It all seems rather mad!

I cannot agree with those who blame the supermarkets for this behaviour, it’s our choice yet we don’t tend to make the right choice, and I accept Dizzy’s point that we even make the wrong choices once we get the food home and into the fridge. Supermarkets have got much better at managing their own waste, food which is nearing it’s sell by date is often reduced to move it off the shelf quicker, there is no advantage to them in filling their skips with waste food (they pay a high price for having their waste collected so they like to cut the costs here too.) Smaller outlets and local shops also have mechanisms in place to reduce the amount of waste they produce, I like to recall the name used by one of my former work colleagues who describes a shop in Frederick Street, South Shields as “second hand Greggs”, it may sound disrespectful but the company is using this one outlet to sell off it’s products at discounted rates simply because they are now 24 hours old, but at least they are not throwing it all away. Others have arrangements to have food waste collected and reprocessed and recycled as animal feeds, again to prevent waste collection charges and as a positive measure to reduce landfill.
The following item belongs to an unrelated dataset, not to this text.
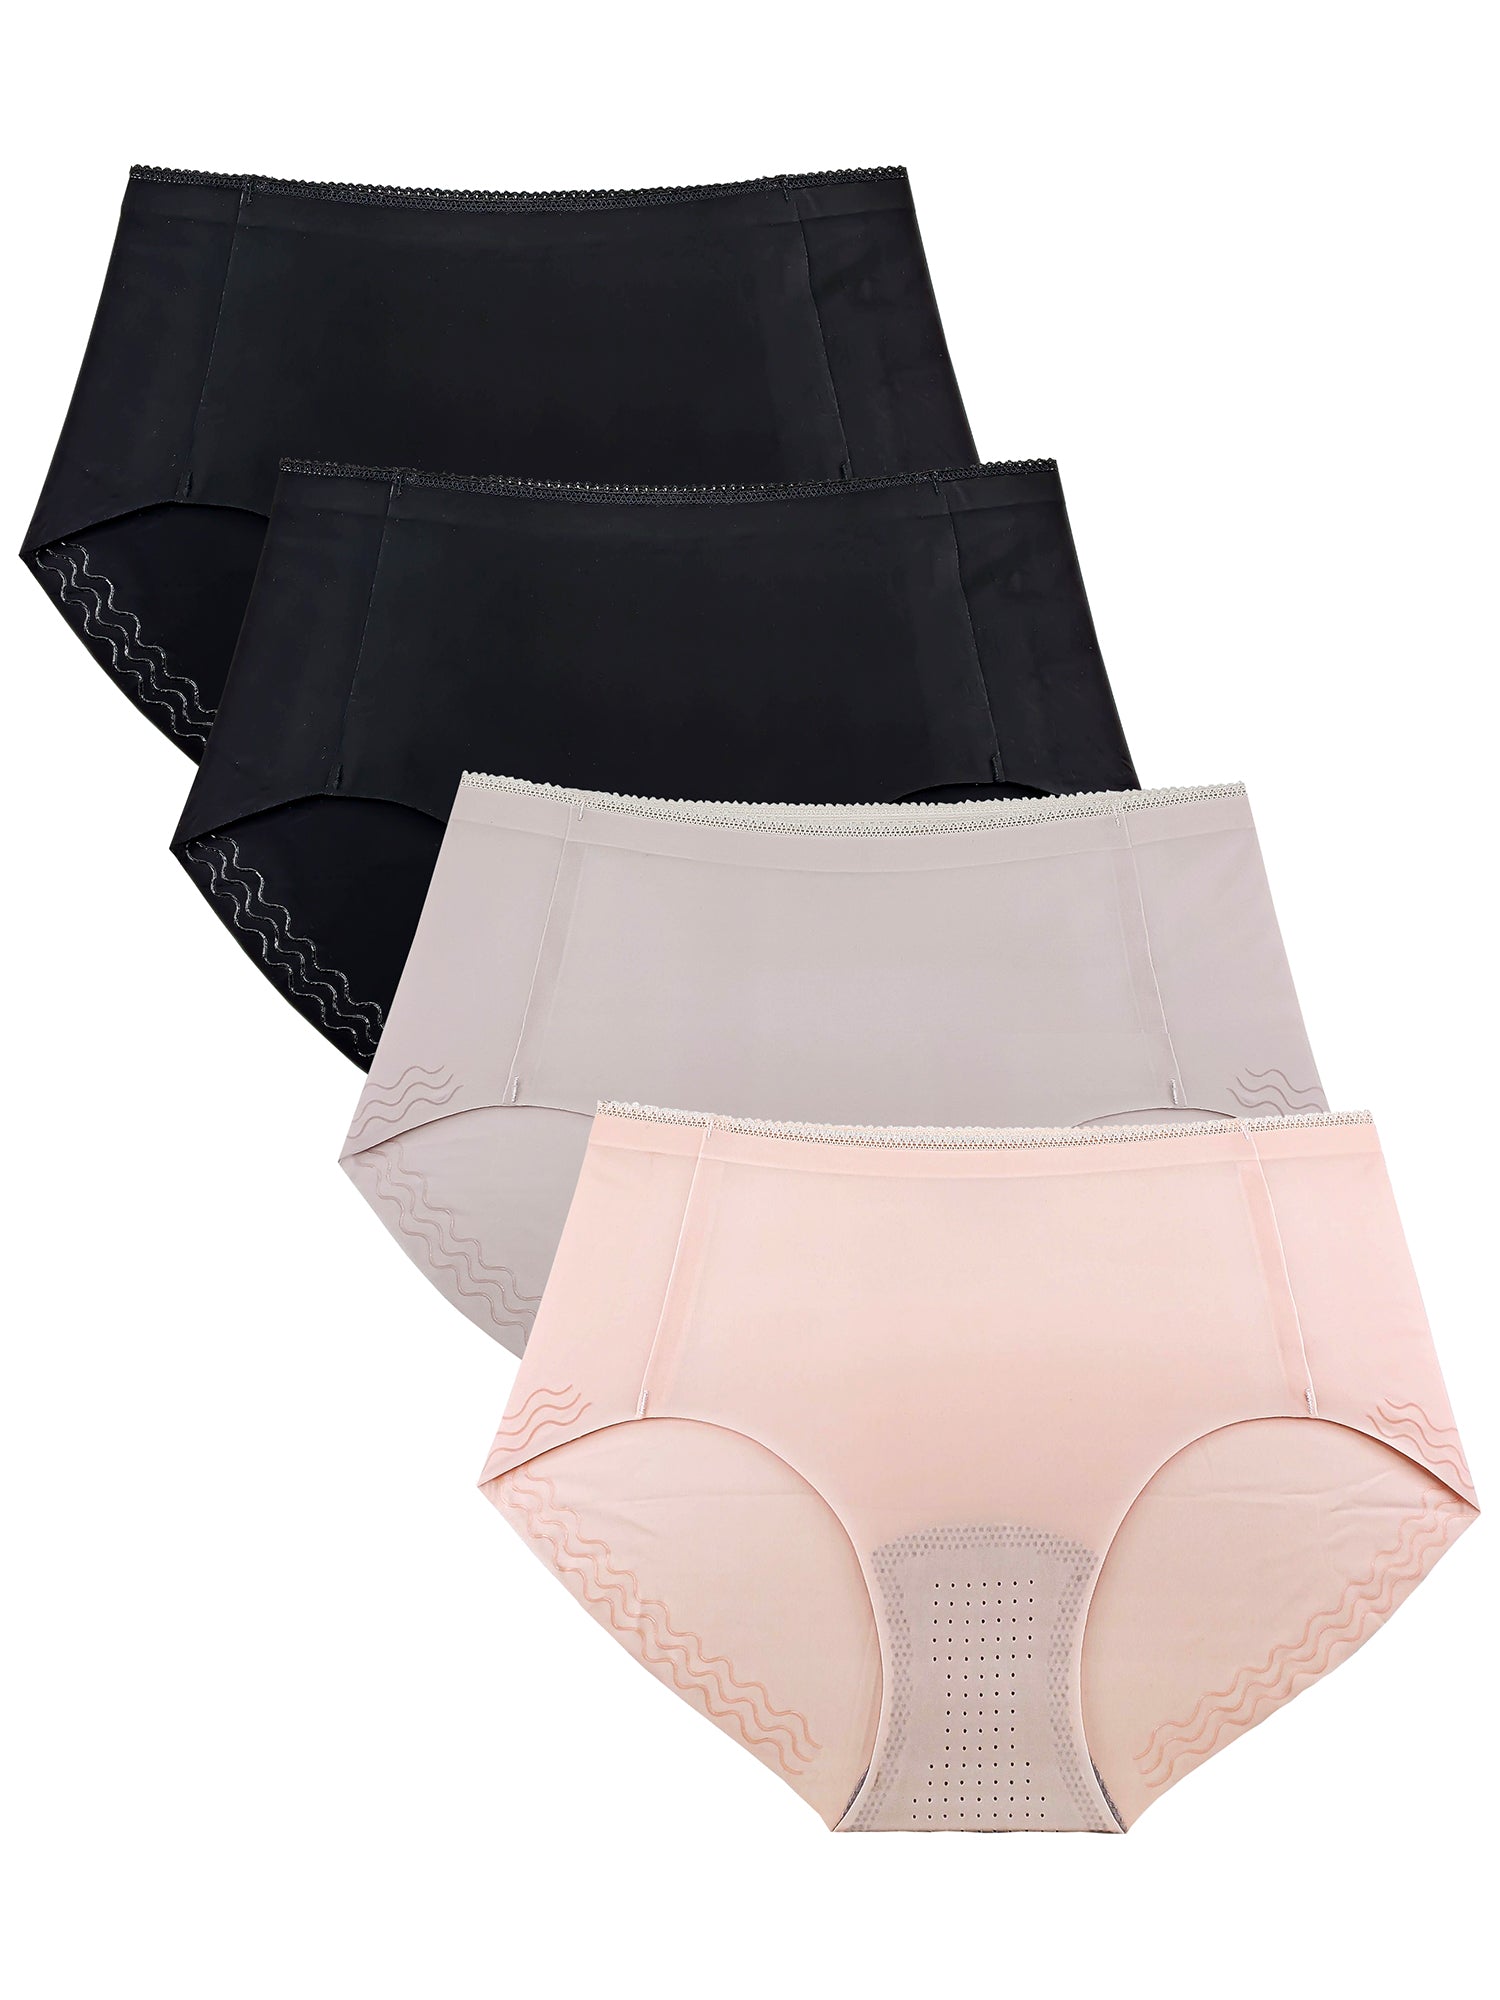 Generic 2019 Plus Size 2xl/3xl/4xl Stripes Underwear Women Cotton

So business and retailers are doing their bit, it is the consumer who is failing to recognise the consequences of their own poor choices and decisions that results in such a mountain of waste, yet it need not be so. My mother made a virtue of using left overs to make a second nutritional meal for the family, my father even recycled chicken bones to make soups, and by consuming little and more often we are likely to buy only the things we really need rather than over indulging our fantasies about what we can actually eat in a week.

It may not help the “freegans” if we waste less, it may not help Tesco if we buy less, but hey it might help the family budget as food prices rise and shortages become more apparent. Market, price, supply, and demand, more often than not help to even things out, that’s the beauty of Adam Smith’s invisible hand.